[Dataset content — start]

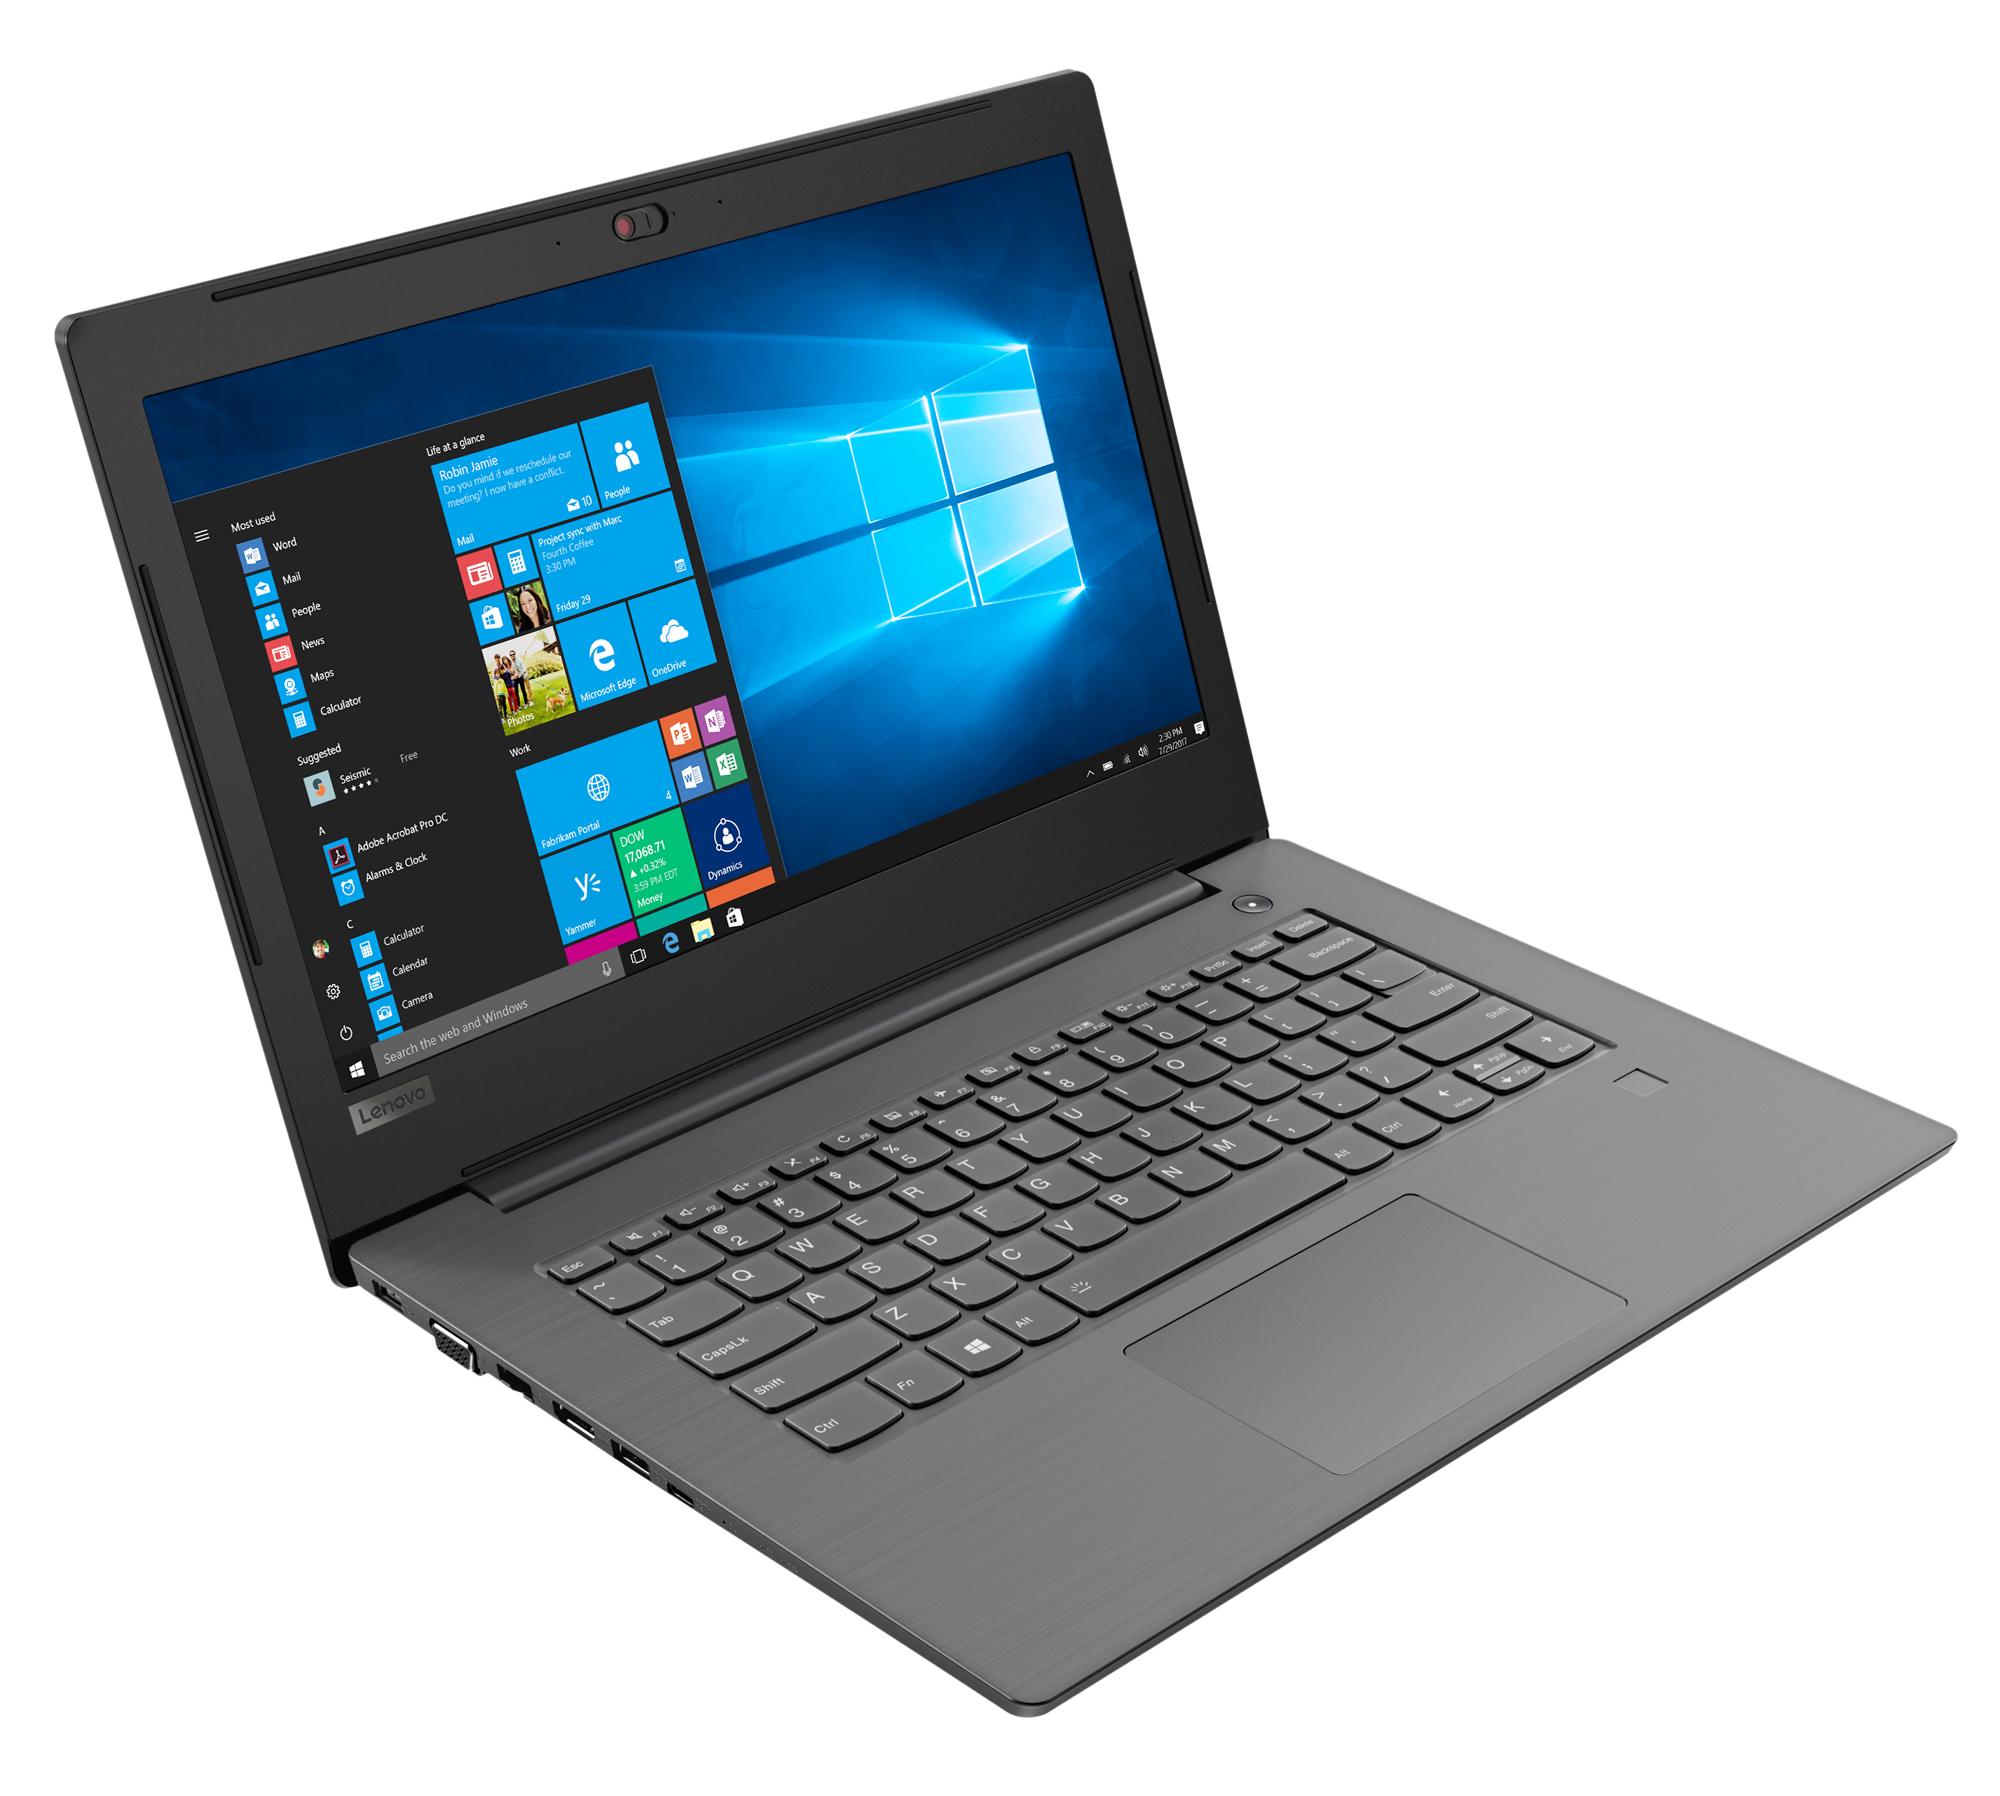 Фото  Ноутбук Lenovo V330-14IKB Iron Grey (81B000HKUA)
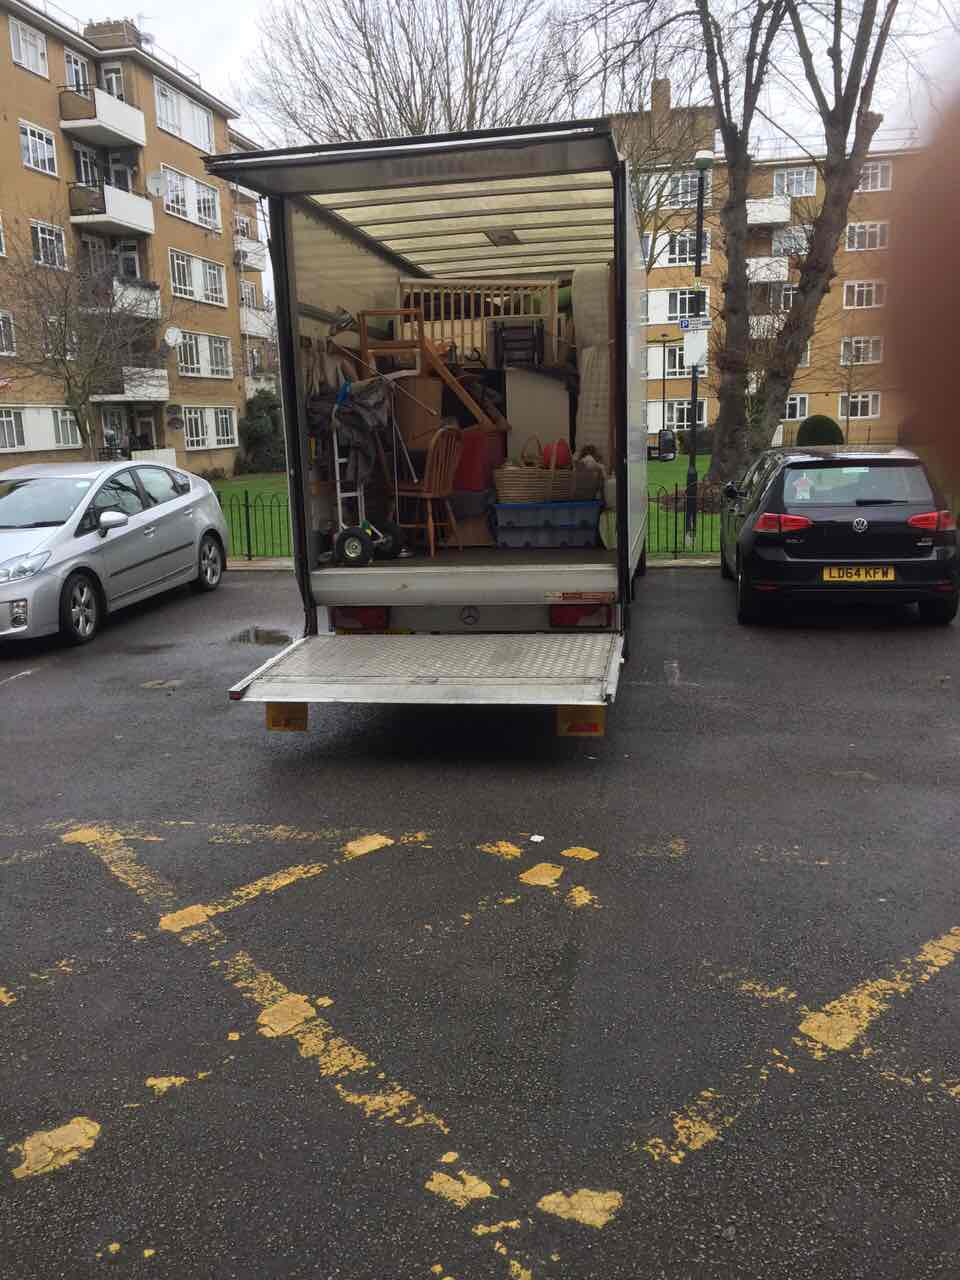 UB8 van for hire in Cowley
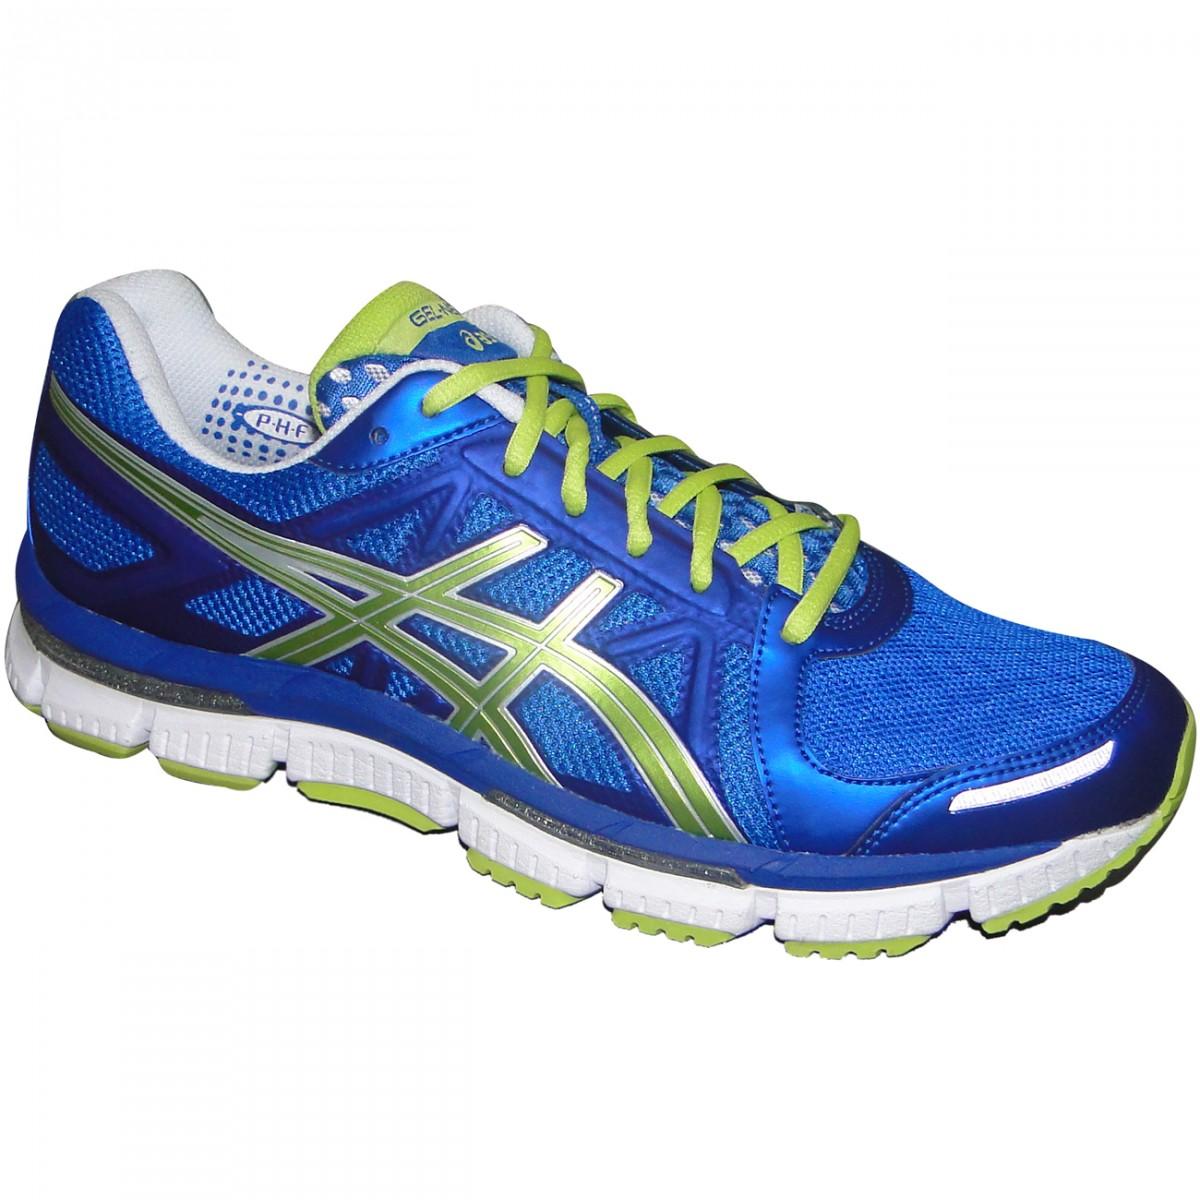 Tenis Asics Gel-Neo33 T222N-5925 - Azul Limao - Chuteira Nike ... eca1cba53fab0
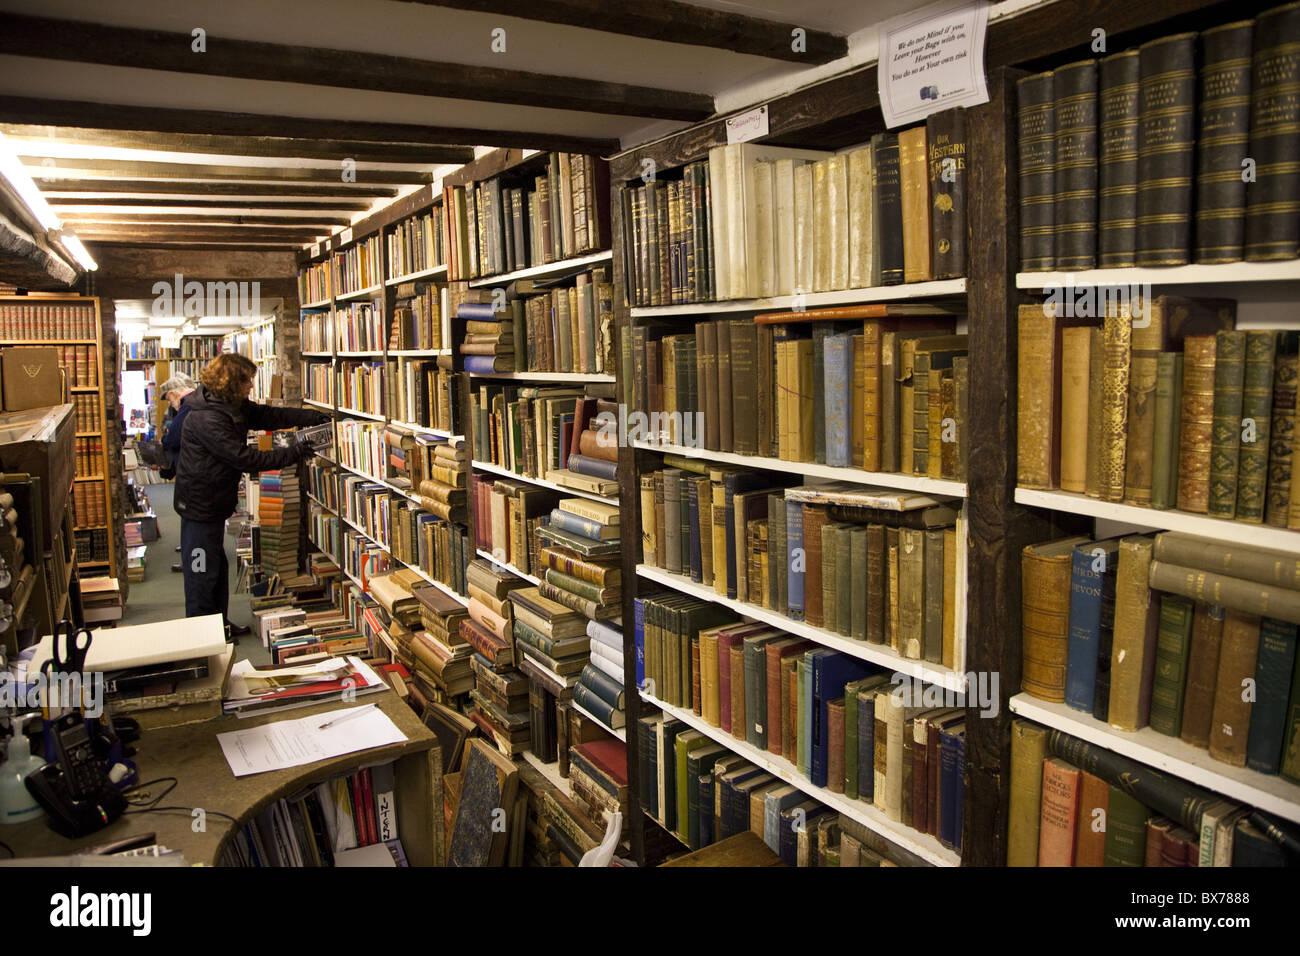 Bookshop in Hay-on-Wye, Powys, Wales, United Kingdom, Europe - Stock Image

[Dataset content — finish]

Assignment = Your answer should reproduce every line of the data verbatim and include no images.

Solution to the problem =
 Фото  Ноутбук Lenovo V330-14IKB Iron Grey (81B000HKUA)
 UB8 van for hire in Cowley
 Tenis Asics Gel-Neo33 T222N-5925 - Azul Limao - Chuteira Nike ... eca1cba53fab0
 Bookshop in Hay-on-Wye, Powys, Wales, United Kingdom, Europe - Stock Image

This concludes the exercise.